───── Material provided

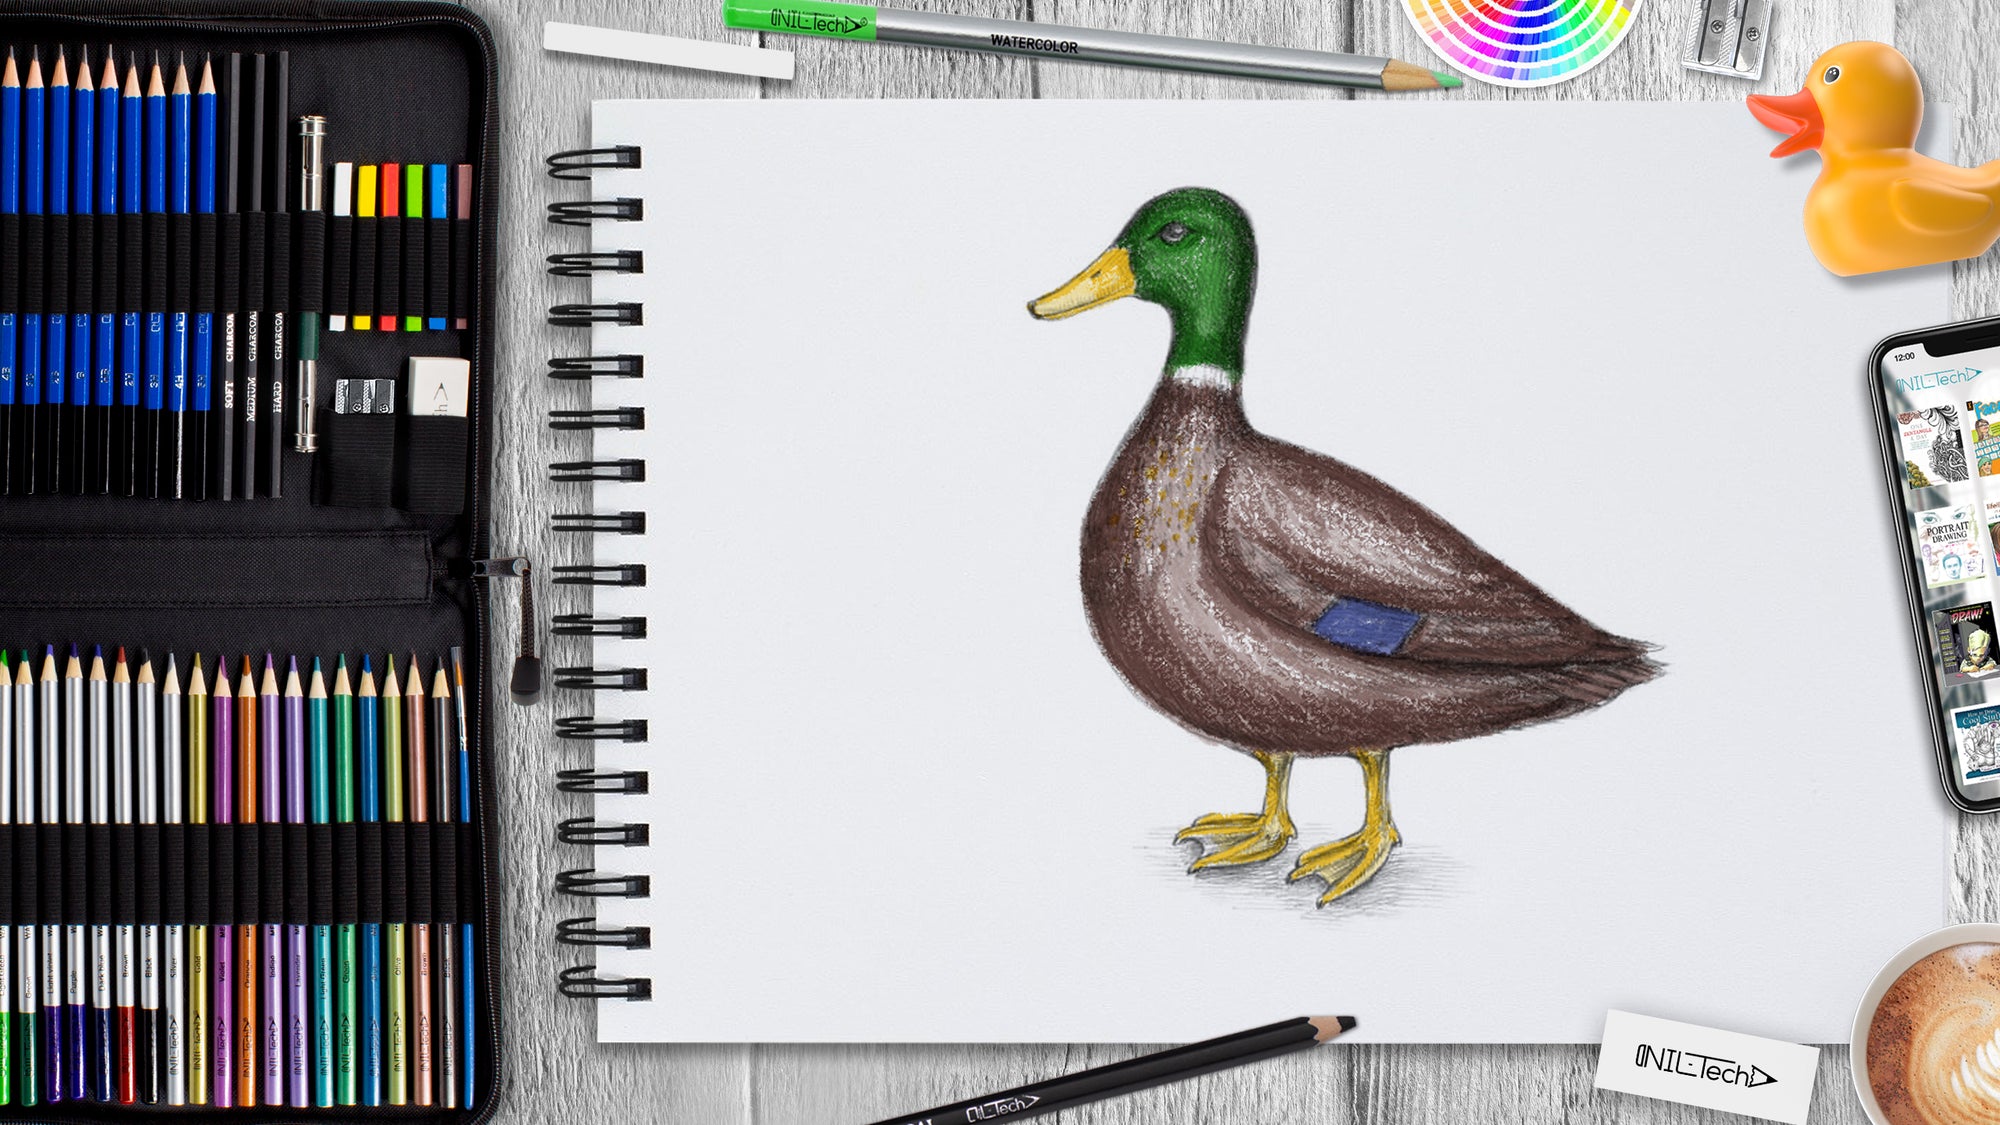 17772 Duck Sketches Images Stock Photos  Vectors  Shutterstock
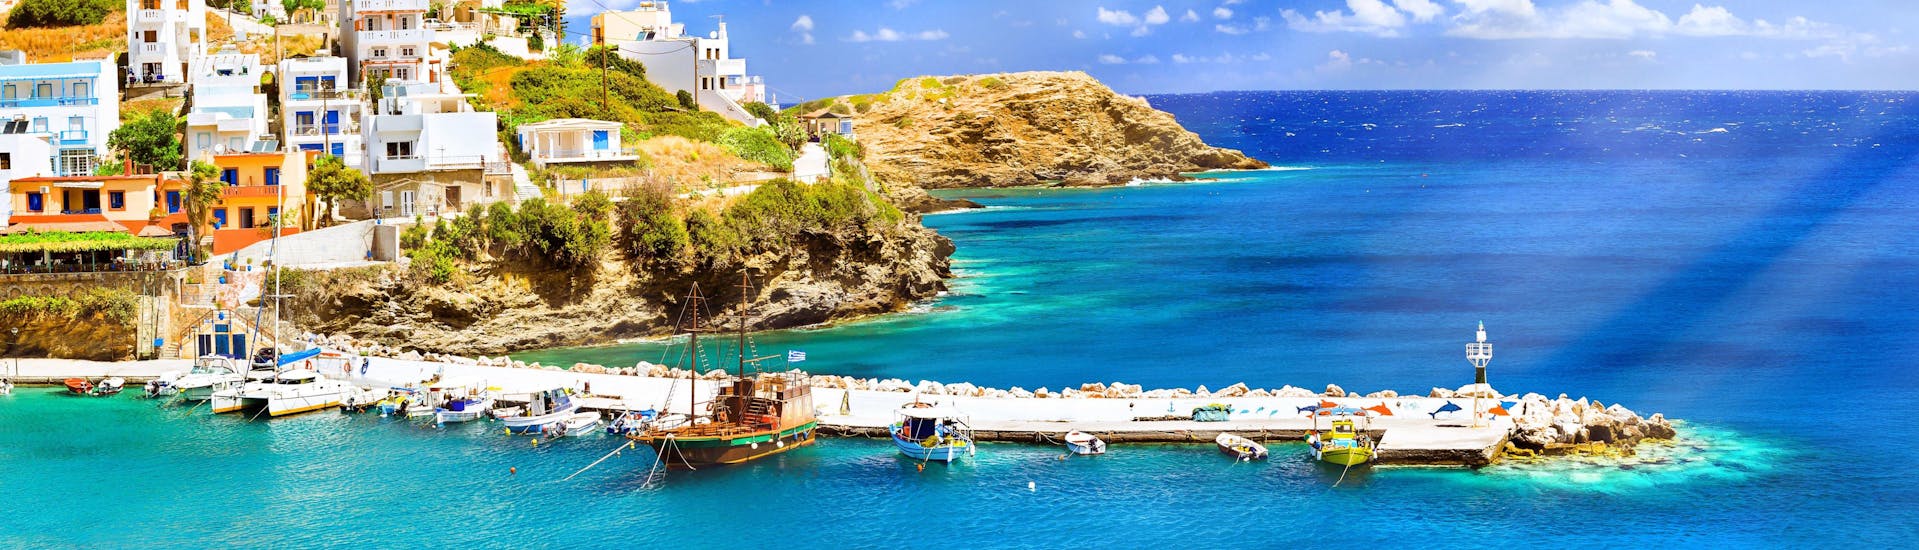 Ein Blick auf die traumhafte Küste Kretas die man bei einer Bootstour ab Heraklion bewundern kann.
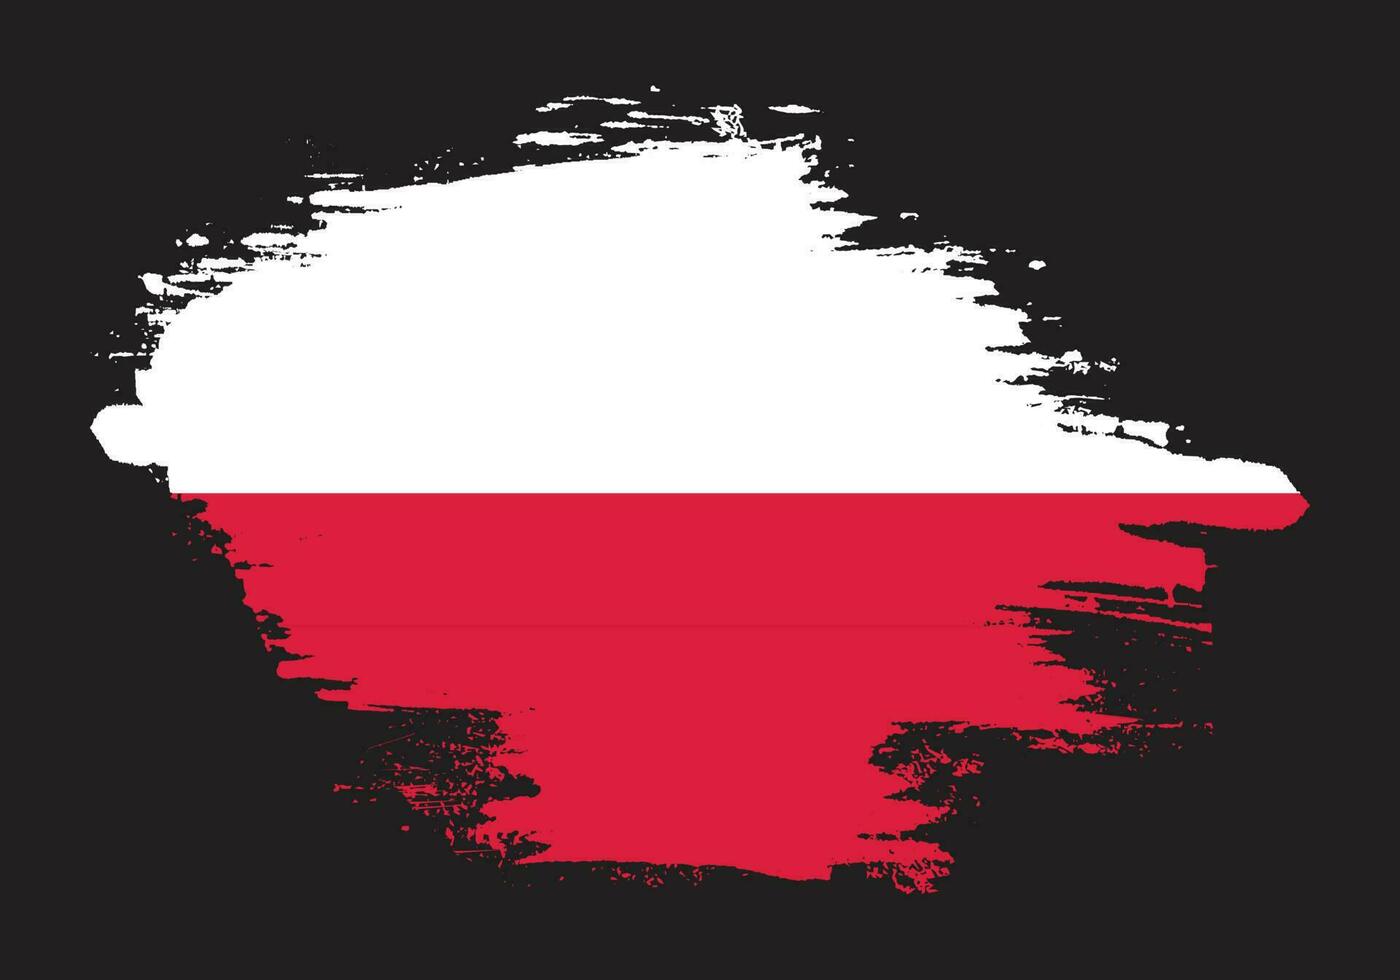 Brush frame Poland flag vector

──────────

Each line from the one containing "Ein Blick auf" through the final line of the data must be reproduced exactly, both ends included, with no pictures in the copy.

● **Solution**:
 Ein Blick auf die traumhafte Küste Kretas die man bei einer Bootstour ab Heraklion bewundern kann.
 Brush frame Poland flag vector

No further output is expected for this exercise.